Previously it had forecast 20-25 per cent sales growth for 2001. Mr Tchuruk said: "Longer term, however, I am convinced that we can maintain an annual growth of 15-20 per cent."
Telecom operators were particularly strong. France Telecom rose 8 per cent to €64.50, Deutsche Telekom 4.4 per cent to €26 and Sonera 6.8 per cent to €9.99. Morgan Stanley Dean Witter made changes to its model portfolio of European telecom companies, raising the weighting of incumbents such as France Telecom and cutting the weighting of alternative carriers such as cable operator NTL.
The Dutch operator KPN Telecom rose 5 per cent to €11.60 after reporting better than expected results.

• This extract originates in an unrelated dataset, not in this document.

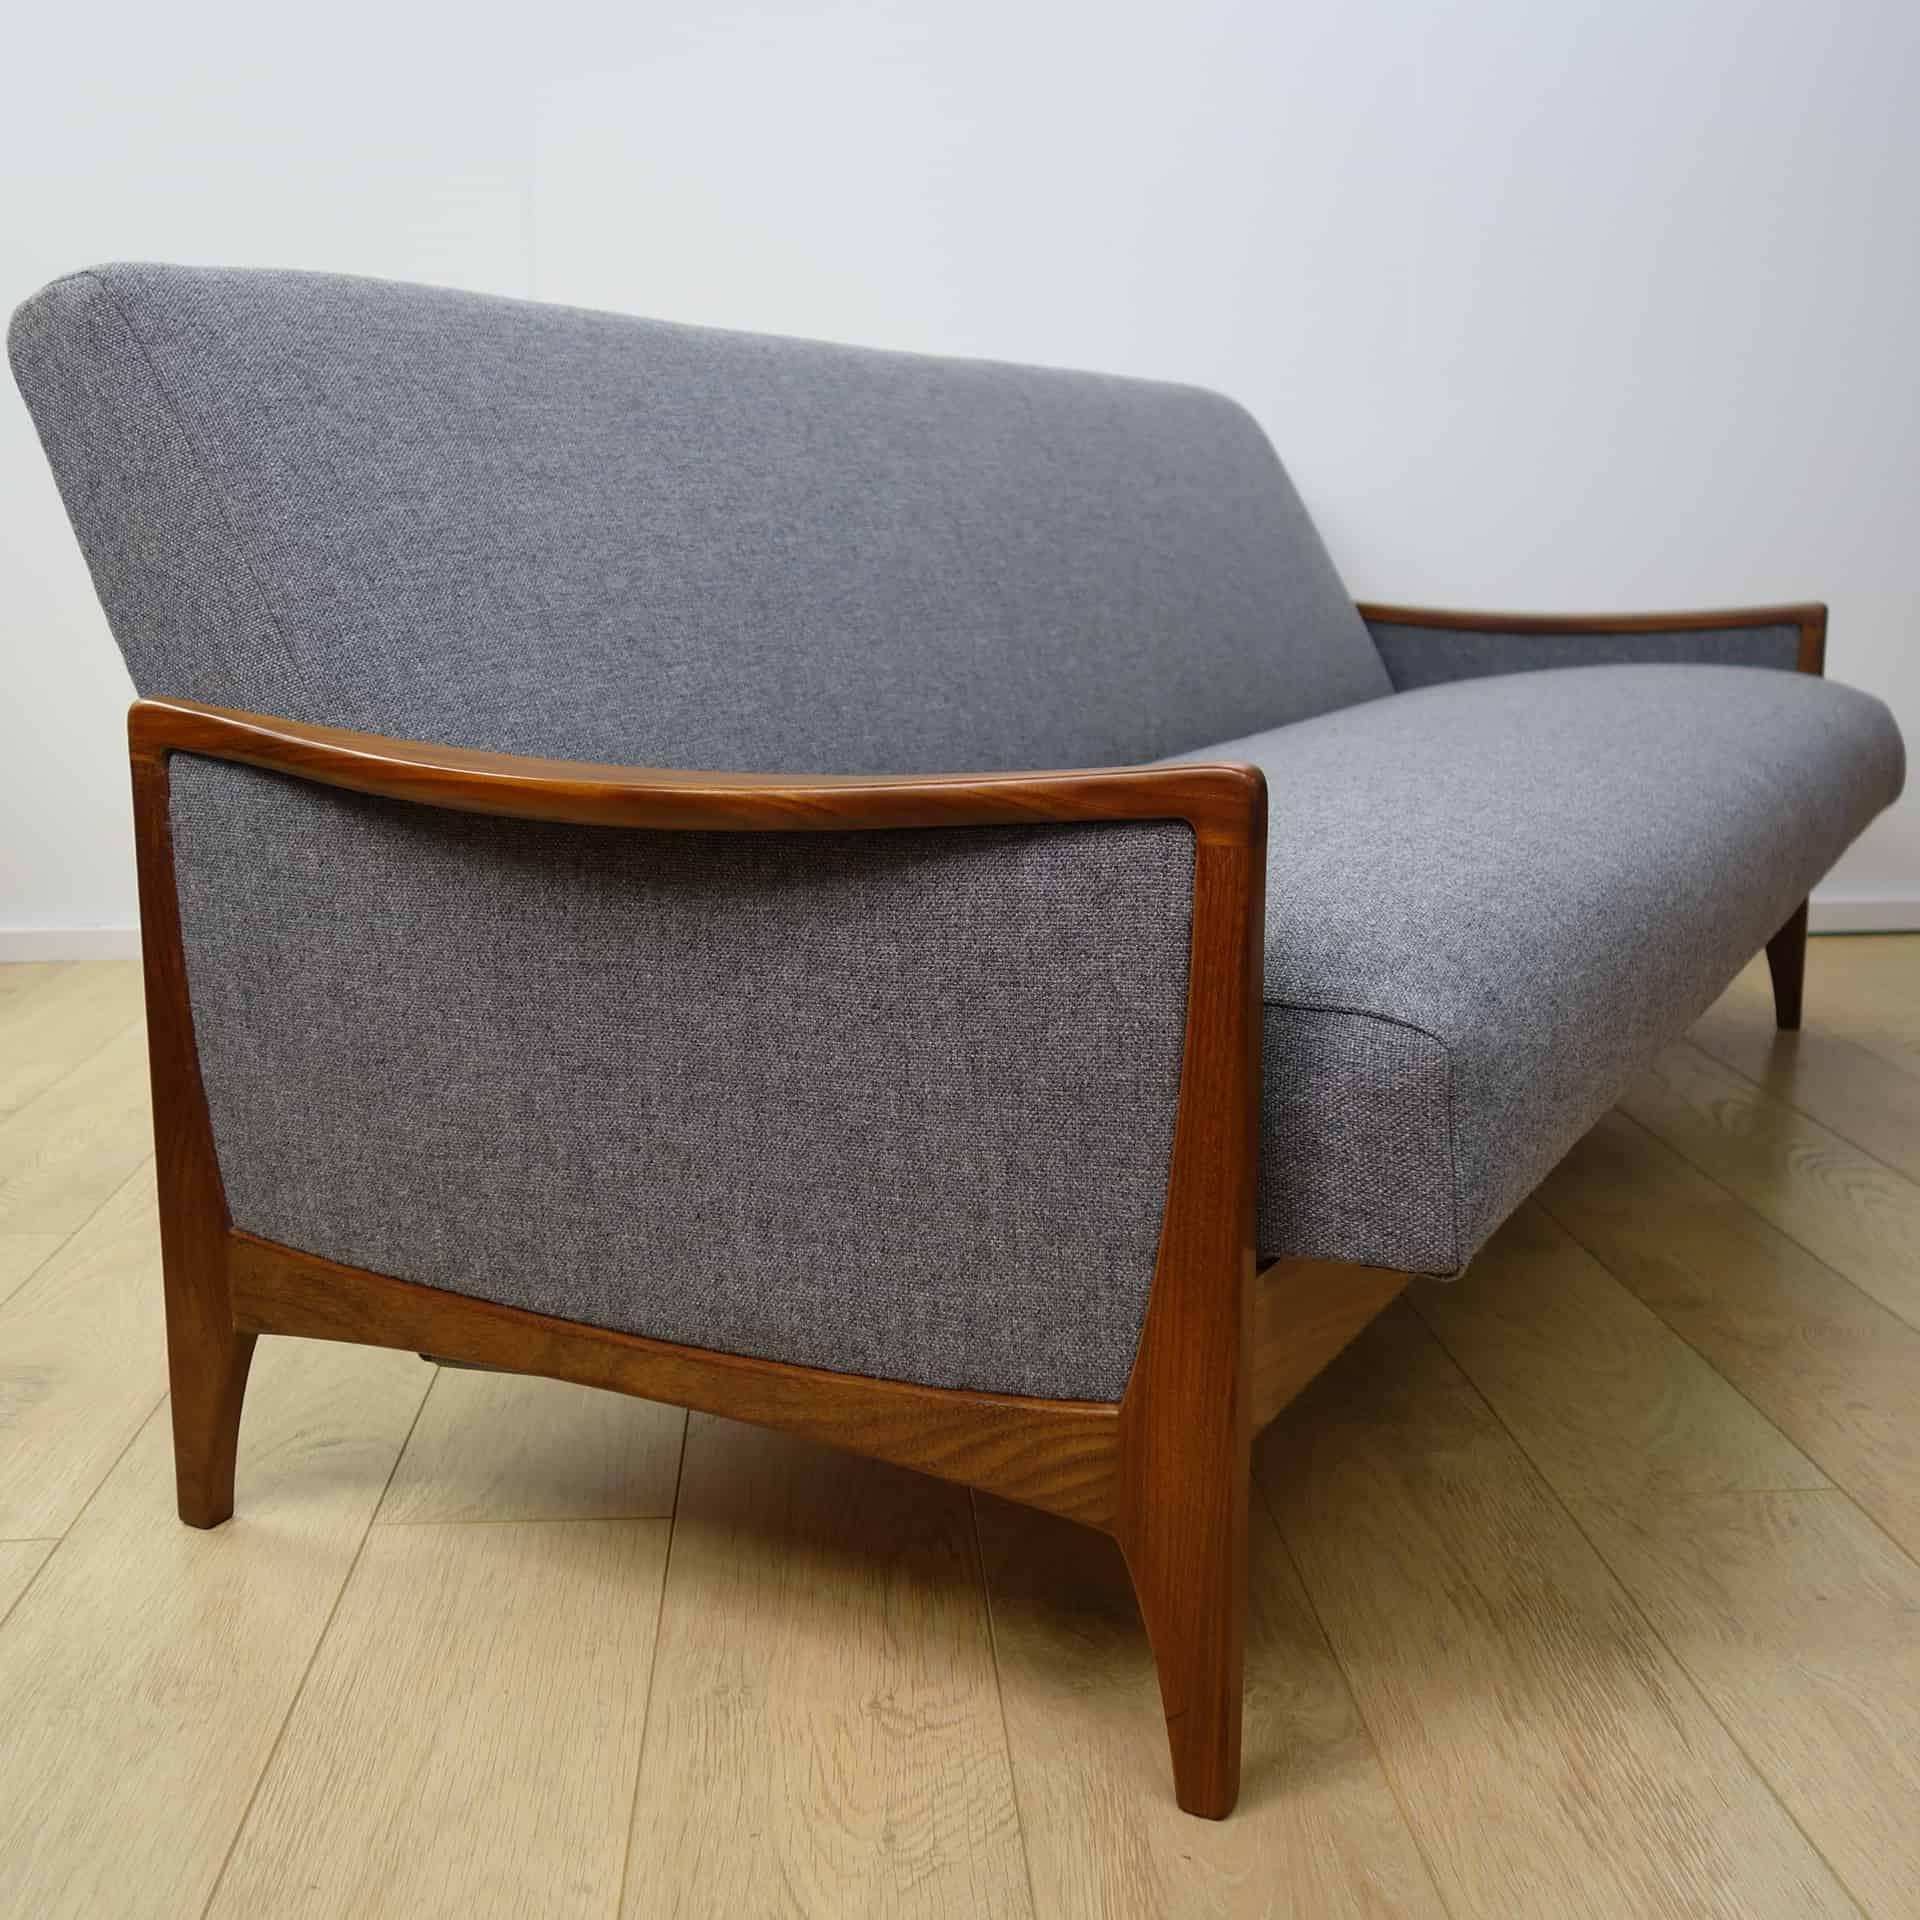 g plan sofa 1960s teak

Net profit for 2000 was €1.87 billion compared with €828 million the previous year. This included one-off gains from the sale of a 15 per cent stake in KPN Mobile to NTT DoCoMo, without which it recorded a loss of €626 million.
KPN Telecom said sales for 2001 would rise by 10-15 per cent while Ebitda earnings would rise by about 5 per cent. It said it would sell non-core assets to help cut its debt burden and reiterated its plan to float KPN Mobile this year.